**Description of the task**
In the lines below, output everything from the first line through the line containing "FK51-143 ハイスパンボタンつけ糸 #20 30m巻 (枚)" exactly as it is. Pictures are not part of the output.

**Data section**
——
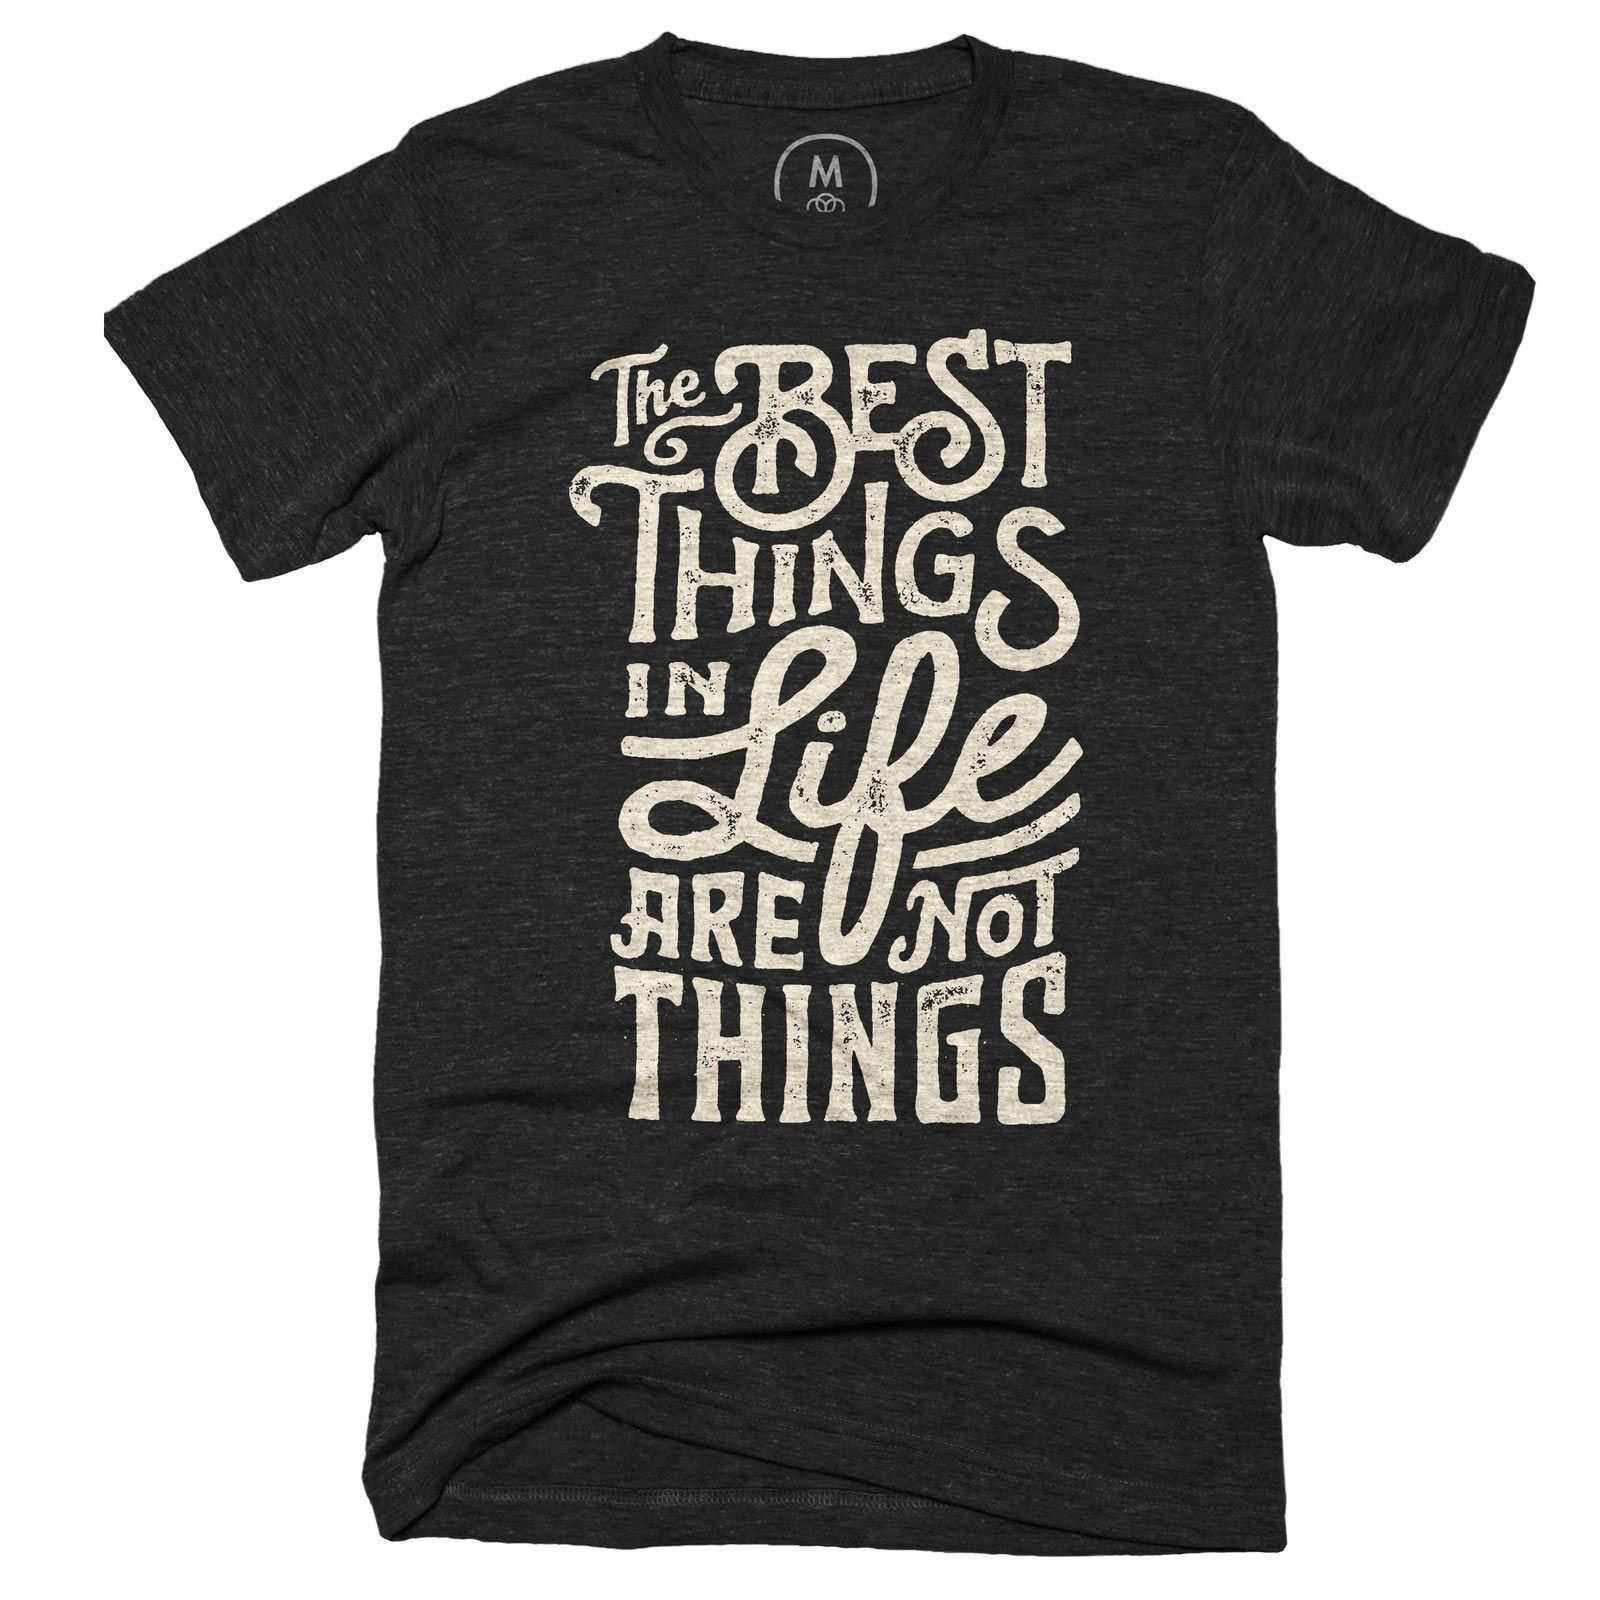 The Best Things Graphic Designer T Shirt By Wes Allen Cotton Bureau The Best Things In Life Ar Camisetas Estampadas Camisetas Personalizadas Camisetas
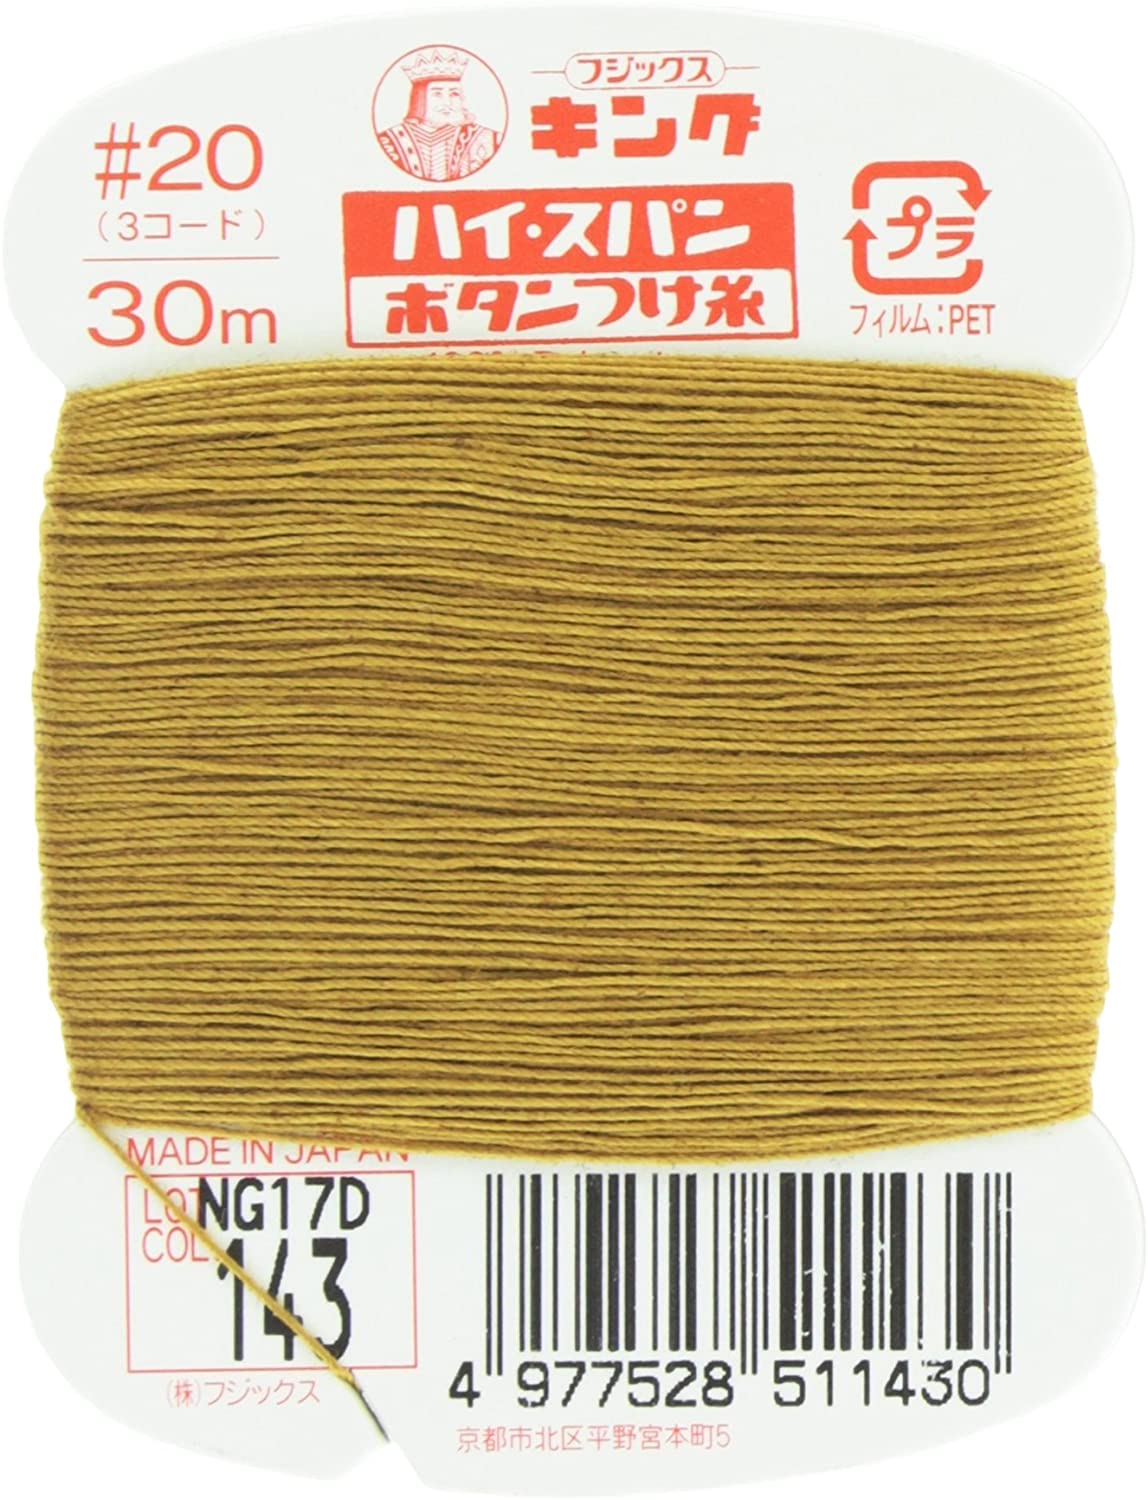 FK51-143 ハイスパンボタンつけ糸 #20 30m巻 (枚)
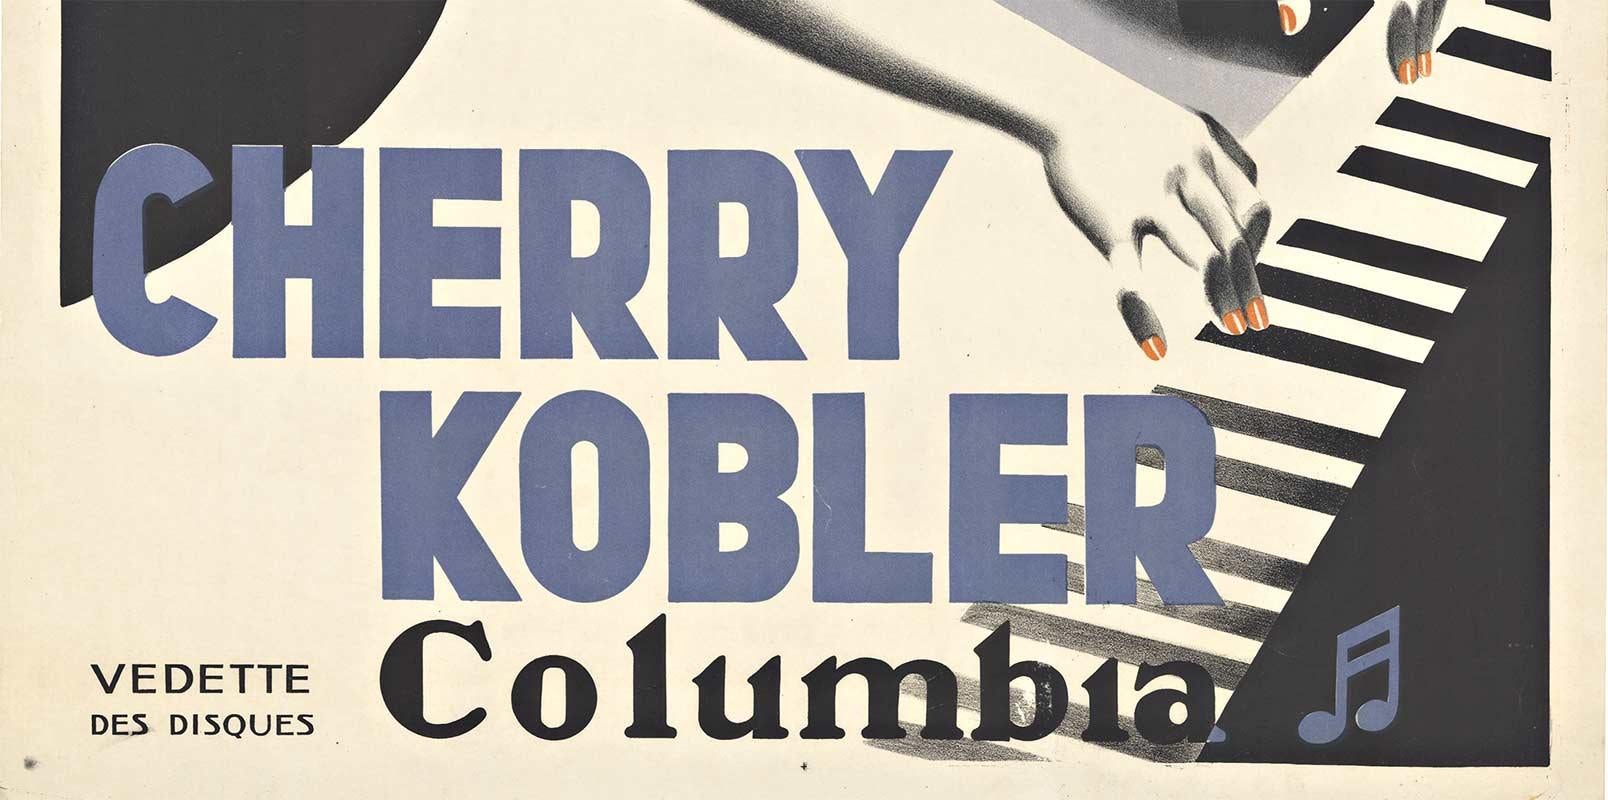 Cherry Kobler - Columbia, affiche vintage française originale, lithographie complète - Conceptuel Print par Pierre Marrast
——
**Solution below**
 The Best Things Graphic Designer T Shirt By Wes Allen Cotton Bureau The Best Things In Life Ar Camisetas Estampadas Camisetas Personalizadas Camisetas
 FK51-143 ハイスパンボタンつけ糸 #20 30m巻 (枚)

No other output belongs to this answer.